Crescimento económico em São Tomé e Príncipe desacelerou em 2017 para 3,9% - FMI

O Fundo Monetário Internacional (FMI) disse hoje que o crescimento económico de São Tomé desacelerou para 3,9% em 2017, e mostra-se apreensivo quanto à estabilidade macroeconómica e, sobretudo, quanto ao rigor orçamental em ano de eleições.

"Em 2017 o crescimento económico desacelerou ligeiramente, situando-se em 3,9 por cento, dado que o impulso da despesa pública foi limitado pela menor entrada de recursos externos", indicou em comunicado a equipa do FMI que fez, conjuntamente, a análise anual ao abrigo do Artigo IV (dos estatutos do fundo) e a quinta avaliação do programa económico de São Tomé e Príncipe apoiado pelo acordo trienal ao abrigo da facilidade de Crédito Alargado (ECF).

"A inflação em termos em termos homólogos aumentou para 7,7 por cento no final de 2017, impulsionada sobretudo pela pluviosidade extemporânea e fatores extraordinários, como novos impostos e taxas sobre as importações", acrescenta a equipa do FMI, cuja missão terminou hoje e que foi liderada pela economista Xiangming Li.

O reforço das finanças públicas, a redução do peso da dívida, a criação de uma margem de acumulação de reservas internacionais e a salvaguarda da estabilidade macroeconómica e financeira dominaram as discussões do FMI com as autoridades são-tomenses durante esta quinta avaliação.

A missão considera que o governo reduziu o défice orçamental em 2017 e tem em curso esforços no sentido de reforçar as receitas através da arrecadação de atrasos fiscais e introdução do IVA em 2019.

Refere ainda que "chegou a acordo" com o executivo sobre as "medidas necessárias para cumprir as metas de 2018 do programa e apoiar o crescimento económico a médio prazo".

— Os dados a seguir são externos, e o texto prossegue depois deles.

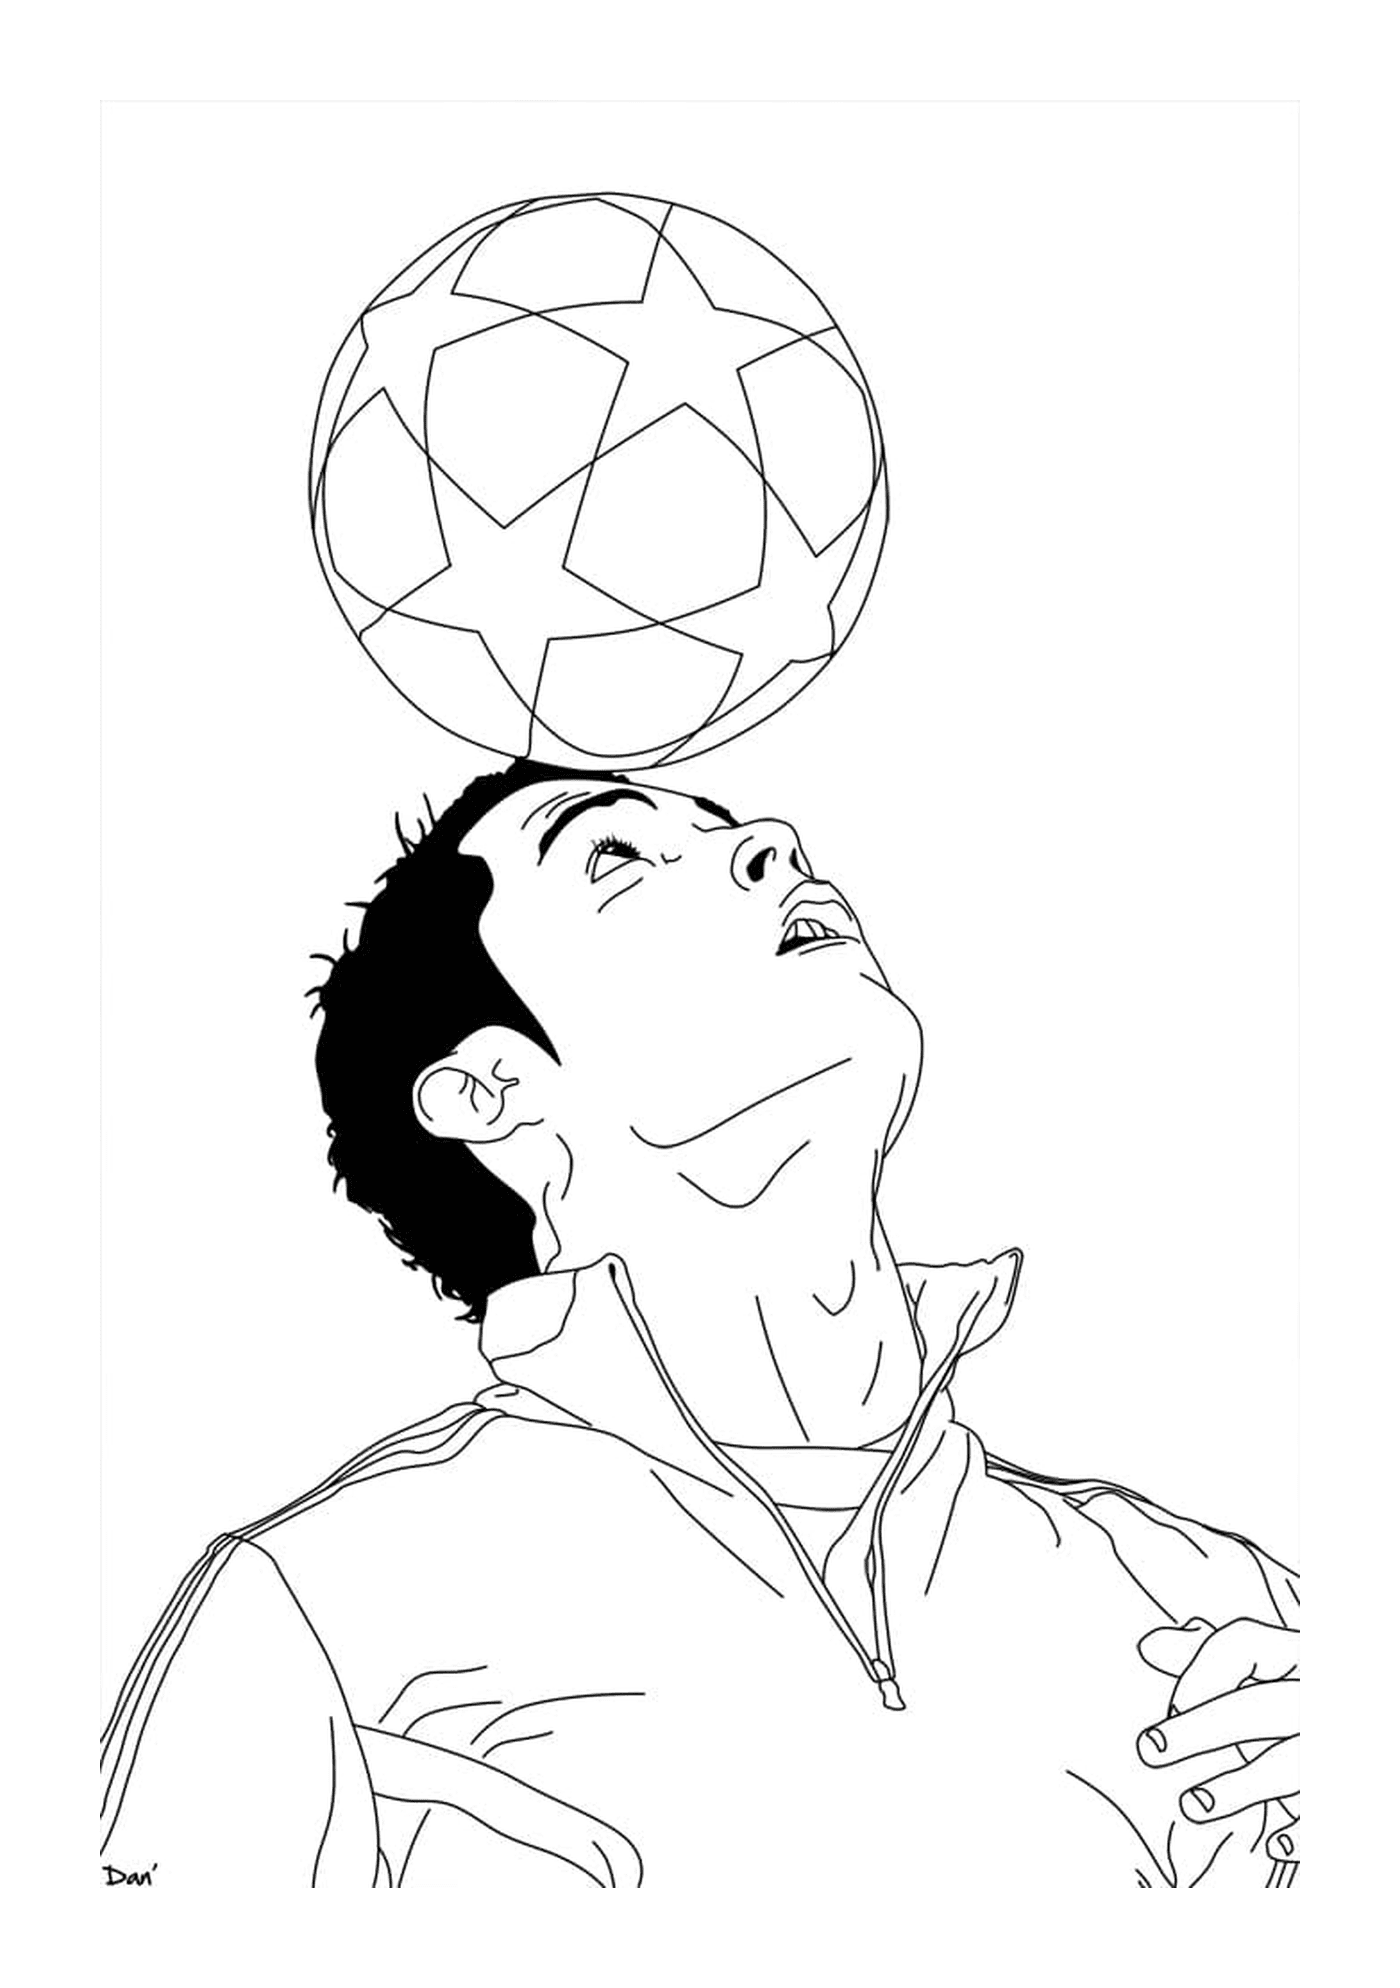   Cristiano Ronaldo jonglant avec un ballon de foot

O relatório sublinha que "o critério de desempenho referente às reservas internacionais líquidas não foi cumprido", por não terem entrado os recursos externos que o governo esperava.

"Espera-se que o crescimento económico se mantenha em torno de 4 por cento em 2018 e acelere gradualmente no médio prazo, apoiado por projetos com financiamento externo nos setores da construção, da agricultura e do turismo", refere o comunicado.

Sublinha, no entanto, que "as perspetivas de curto prazo estão sujeitas a riscos, incluindo pressões orçamentais no período pré-eleitoral e um desembolso menor do que o antecipado de financiamento externo para projetos".

Em 2018 realizam-se eleições legislativas, autárquicas e regionais em São Tomé e Príncipe.

O relatório do FMI dá conta também que a missão "incentivou as autoridades a manter o seu empenho para com a estabilidade macroeconómica e a dinâmica de reforma, em especial num ano de eleições".

Esta instituição quer que o executivo são-tomense avance com a aplicação da estratégia do desenvolvimento do turismo, siga políticas complementares que eliminam os estrangulamentos do lado da oferta, promova o crescimento inclusivo e faça face aos desafios ambientais.

Instou o governo a "dar continuidade aos esforços para regularizar os atrasados com Angola, Brasil e Guiné Equatorial e a dívida com a Nigéria.

O FMI recomendou o governo para reformar a Empresa de Água e Eletricidade (Emae) para "mitigar o risco orçamental que os seus grandes prejuízos representam".